Tja, nur kam es vier Jahre später zu einer fürchterlich unschönen Szene, und in der Tiefe dieses frömmigkeitssatten Raumes muss man sich schon eine Weile umsehen, bis man Tottis verschämte Reaktion darauf entdeckt. Bei der Europameisterschaft 2004 spuckte das römische „Enfant terrible“ dem dänischen Spieler Christian Poulsen mitten ins Gesicht.
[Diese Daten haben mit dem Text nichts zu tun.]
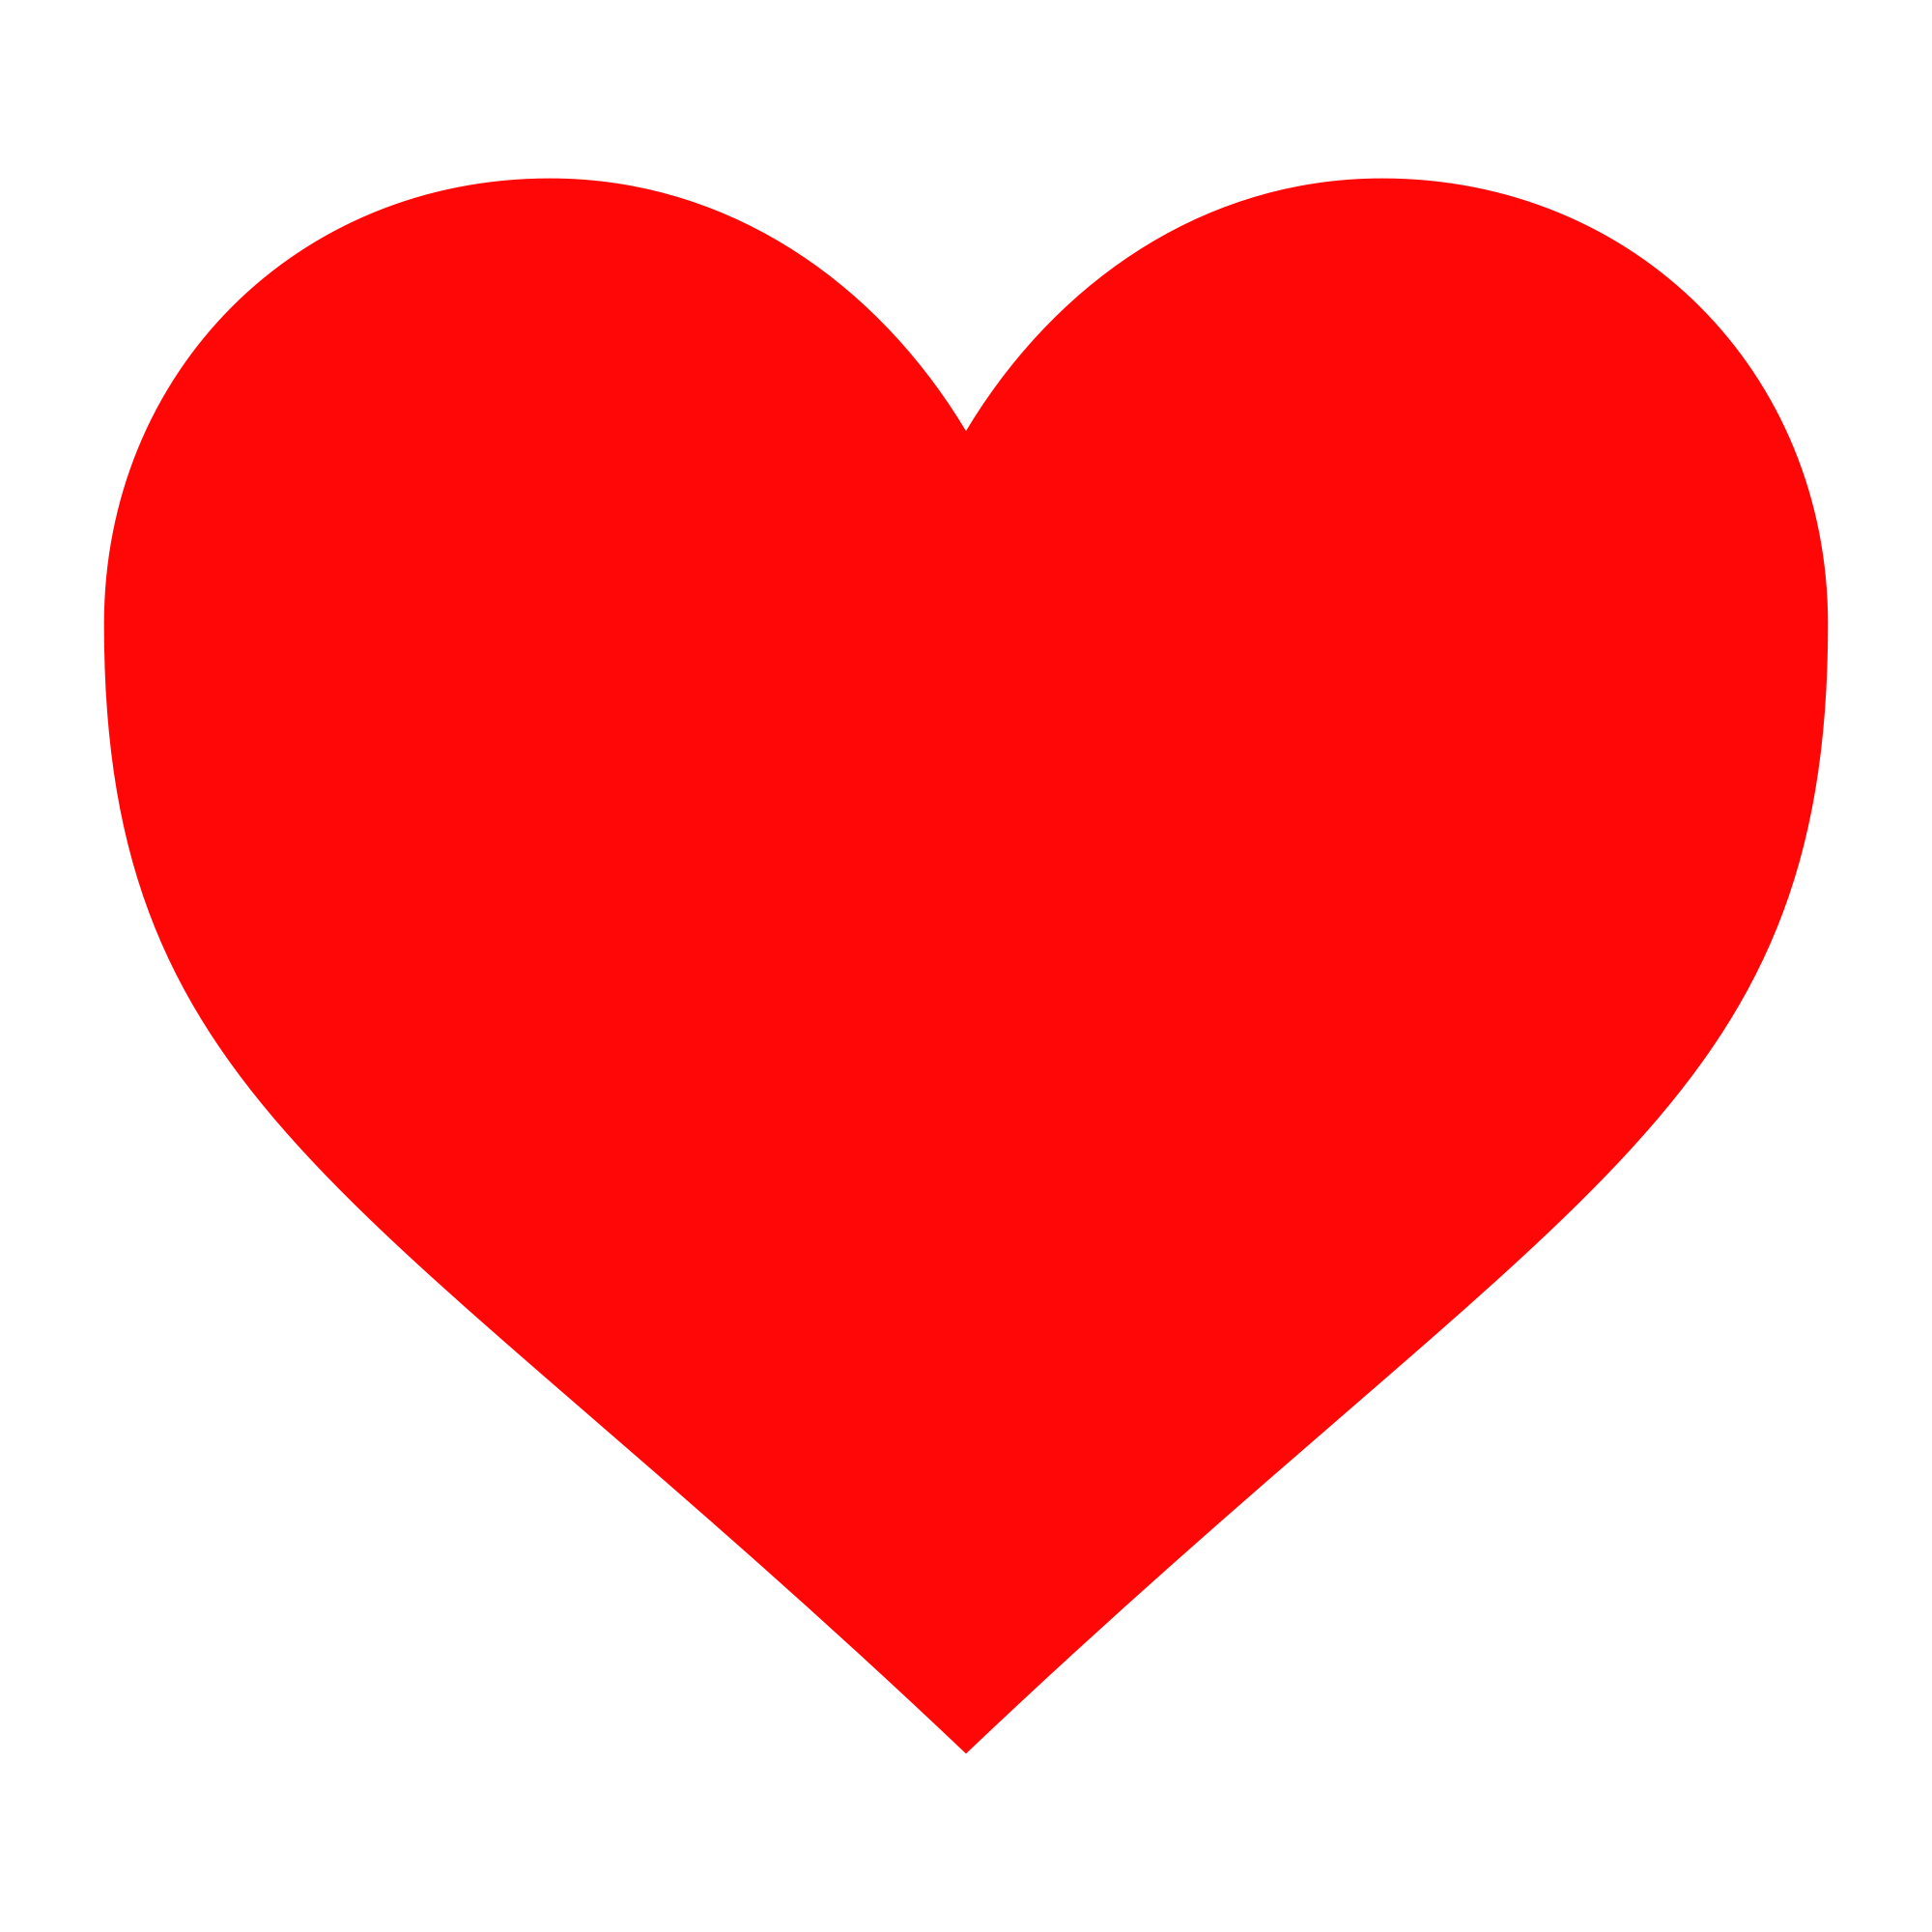 Dndm shape of my heart. Сердечко. Красное сердечко. Символ сердца. Красное сердце на белом фоне.
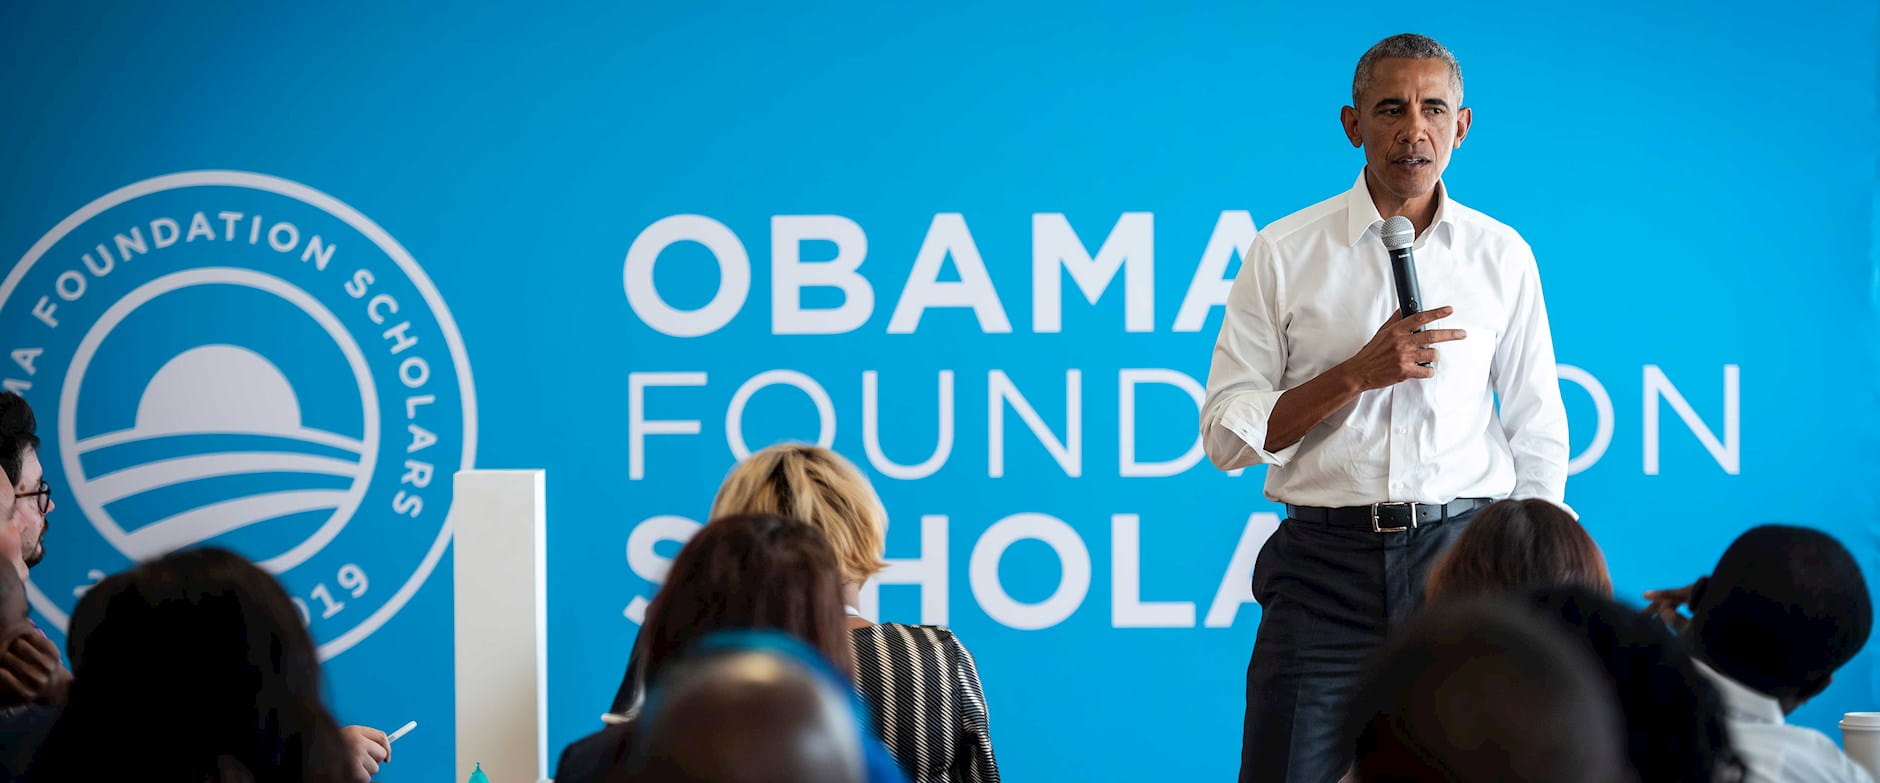 Barack Obama sspeaking in front of a foundation sign

Totti wurde für zwei Spiele gesperrt. Und mit offenbar recht flauem Gewissen pilgerte Totti wieder zur Muttergottes. Seither hängt ein zweites seiner Trikots an der Wand, ziemlich hoch, dem normalen Blick entrückt. „Allerheiligste Madonna, ich bitte um Vergebung“, steht handschriftlich darunter: „Und lass’ mich nie im Stich. Dein Francesco.“

Im Jahr danach brachte Totti seinen Sohn zur Taufe vorbei. „Christian“, nannte er ihn, wie auch jener Däne geheißen hatte. Und das Verhältnis zur Muttergottes ist offenbar wieder eingerenkt. Wie sonst hätte jener fatale Wadenbeinbruch vom 19. Februar so punktgenau zur WM 2006 heilen können?